Longitudinal Reference

Introduction
Data Reference
Code Reference

Introduction

The longitudinal dataset is a 1% sample of main ping data organized so that each row corresponds to a client_id. If you're not sure which dataset to use for your analysis, this is probably what you want.

Each row in the longitudinal dataset represents one client_id, which is approximately a user. Each column represents a field from the main ping. Most fields contain arrays of values, with one value for each ping associated with a client_id. Using arrays give you access to the raw data from each ping, but can be difficult to work with from SQL. Here's a query showing some sample data (STMO#4188) to help illustrate.

Background and Caveats

Think of the longitudinal table as wide and short. The dataset contains more columns than main_summary and down-samples to 1% of all clients to reduce query computation time and save resources.

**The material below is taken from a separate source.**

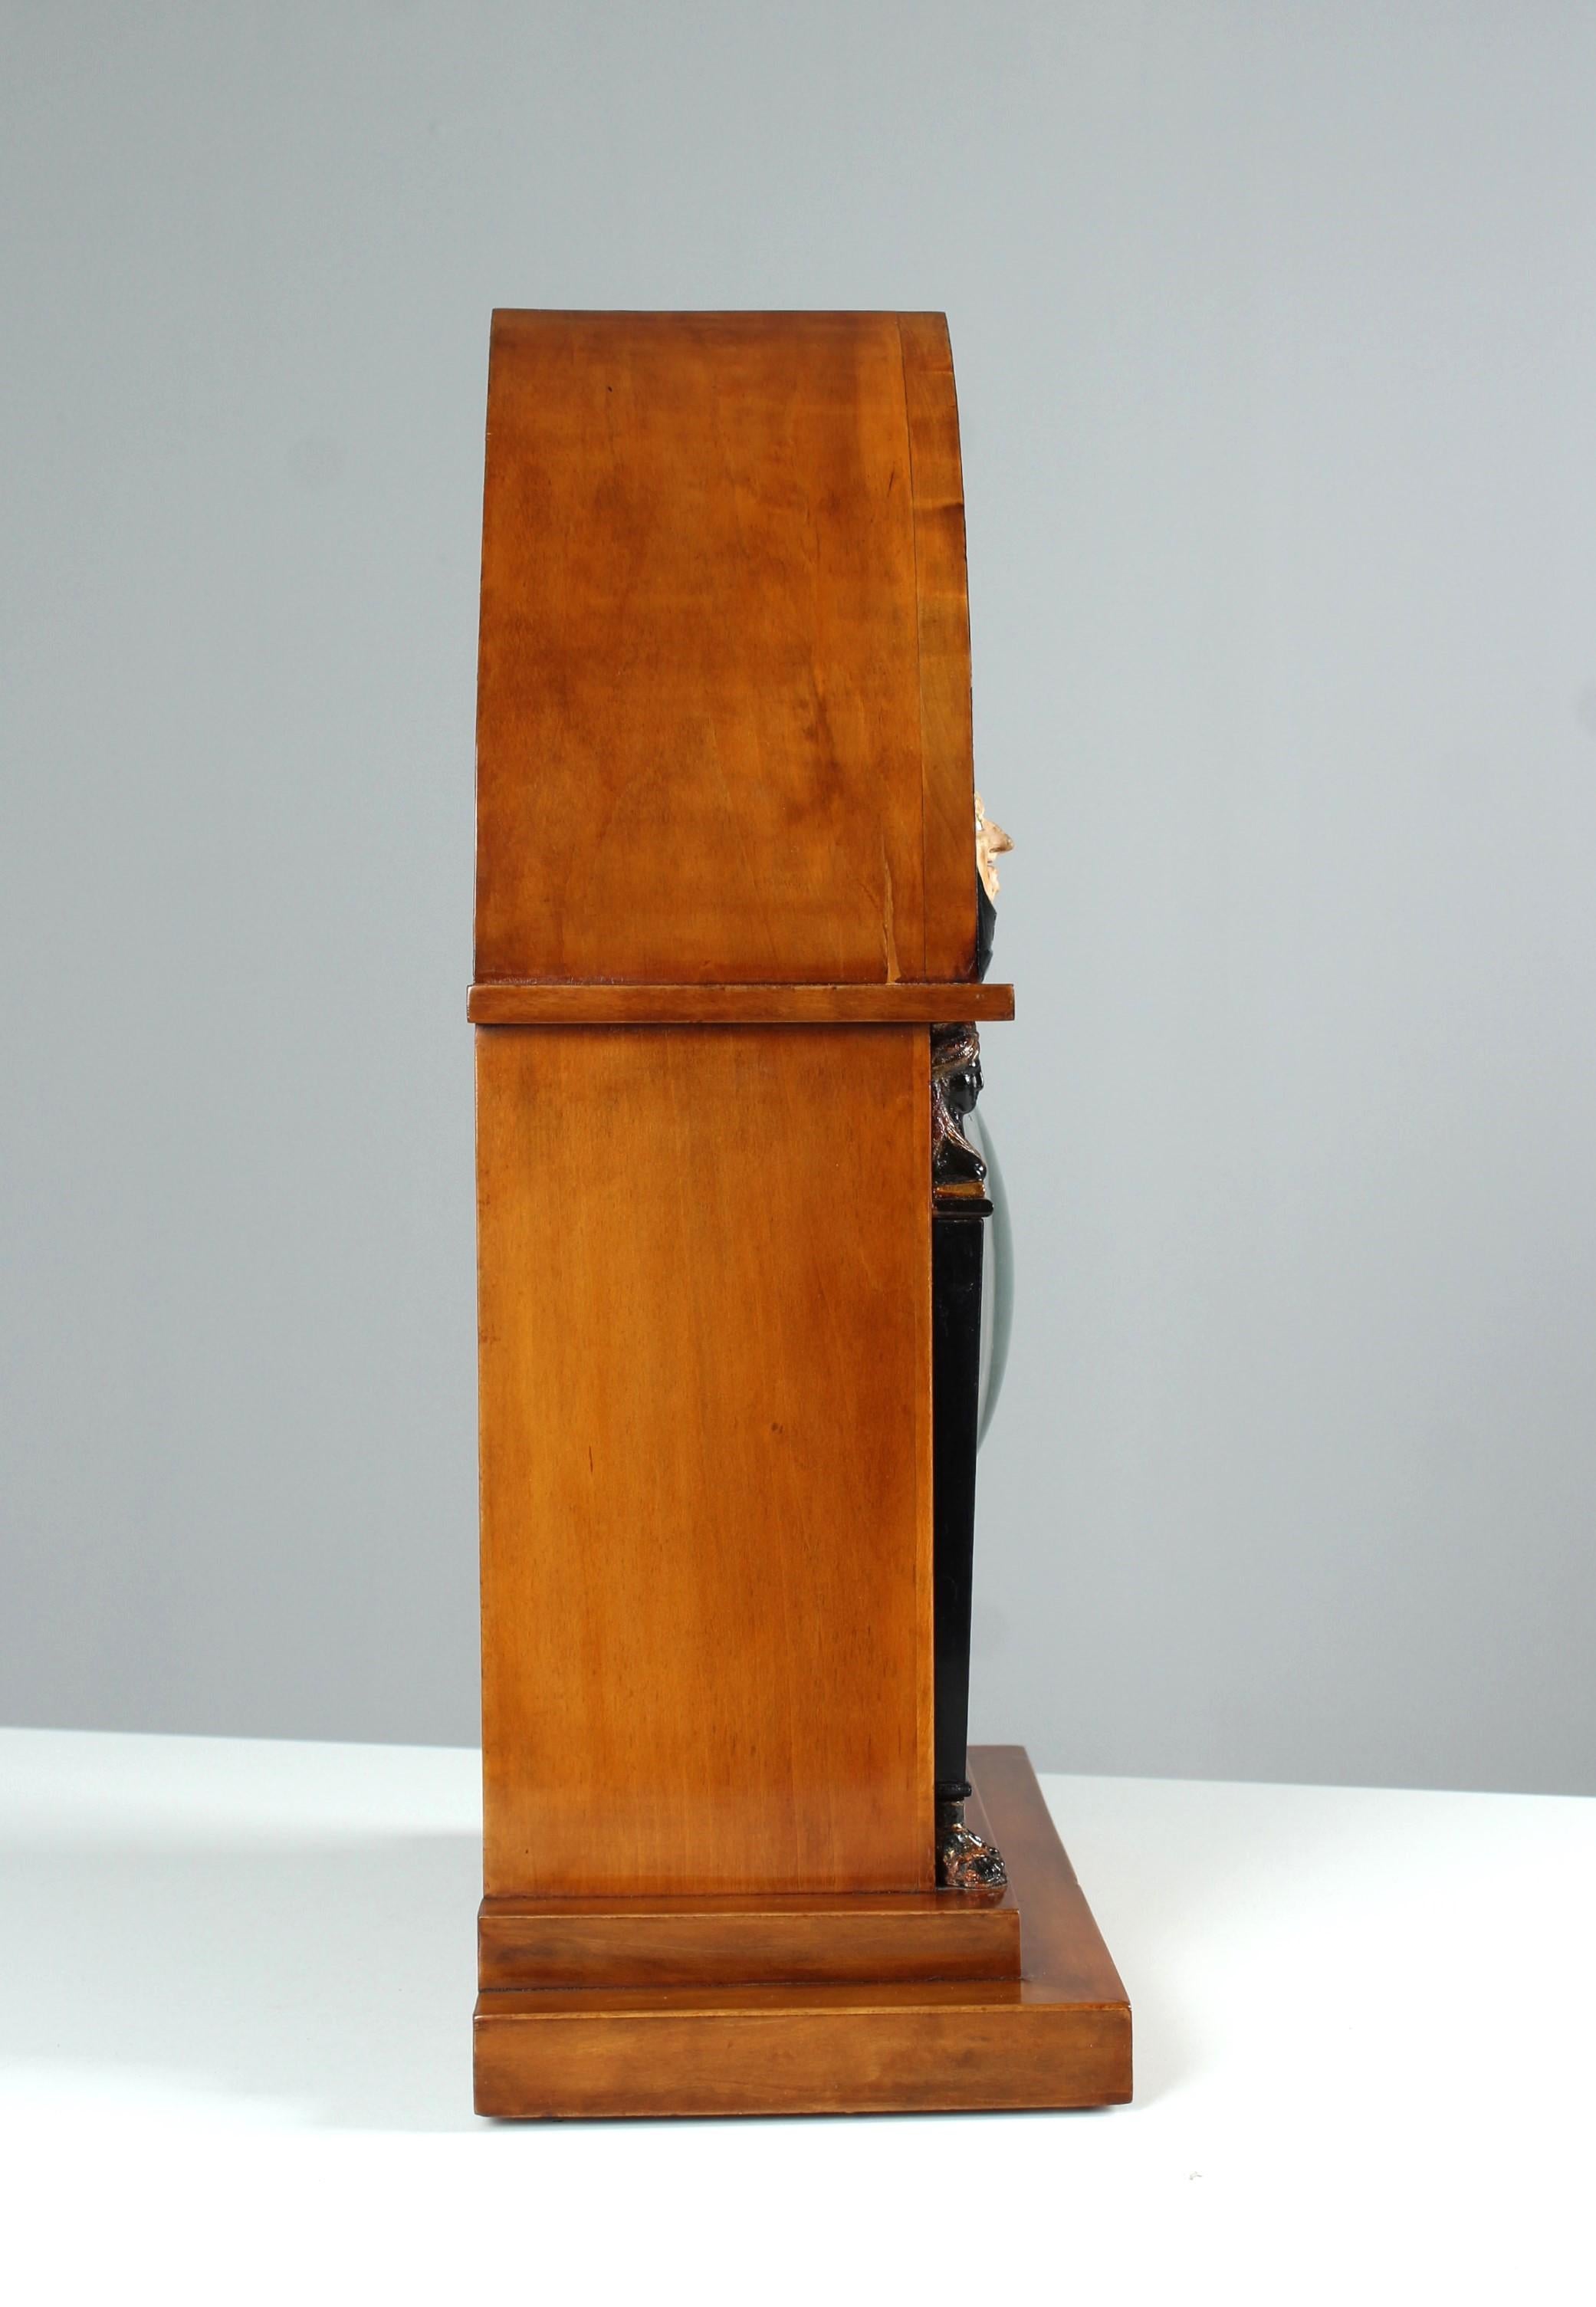 Fruitwood 19th Century Biedermeier Mantel Clock with Automated Face, circa 1820-1830

In summary, the longitudinal table differs from main_summary in two important ways:

The longitudinal dataset groups all data so that one row represents a client_id
The longitudinal dataset samples to 1% of all client_ids

Please note that this dataset only contains release (or opt-out) histograms and scalars.

Accessing the Data

The longitudinal is available in STMO, though it can be difficult to work with the array values in SQL. Take a look at STMO#4189.

The data is stored as a parquet table in S3 at the following address.

s3://telemetry-parquet/longitudinal/

Data Reference

Sampling

Pings Within Last 6 Months

The longitudinal filters to main pings from within the last 6 months.

1% Sample

The longitudinal dataset samples down to 1% of all clients in the above sample. The sample is generated by the following process:

hash the client_id for each ping from the last 6 months.
project that hash onto an integer from 1:100, inclusive
filter to pings with client_ids matching a 'magic number' (in this case 42)

This process has a couple of nice properties:

The sample is consistent over time. The longitudinal dataset is regenerated weekly. The clients included in each run are very similar with this process. The only change will come from never-before-seen clients, or clients without a ping in the last 180 days.
We don't need to adjust the sample as new clients enter or exit our pool.

More practically, the sample is created by filtering to pings with main_summary.sample_id == 42. If you're working with main_summary, you can recreate this sample by doing this filter manually.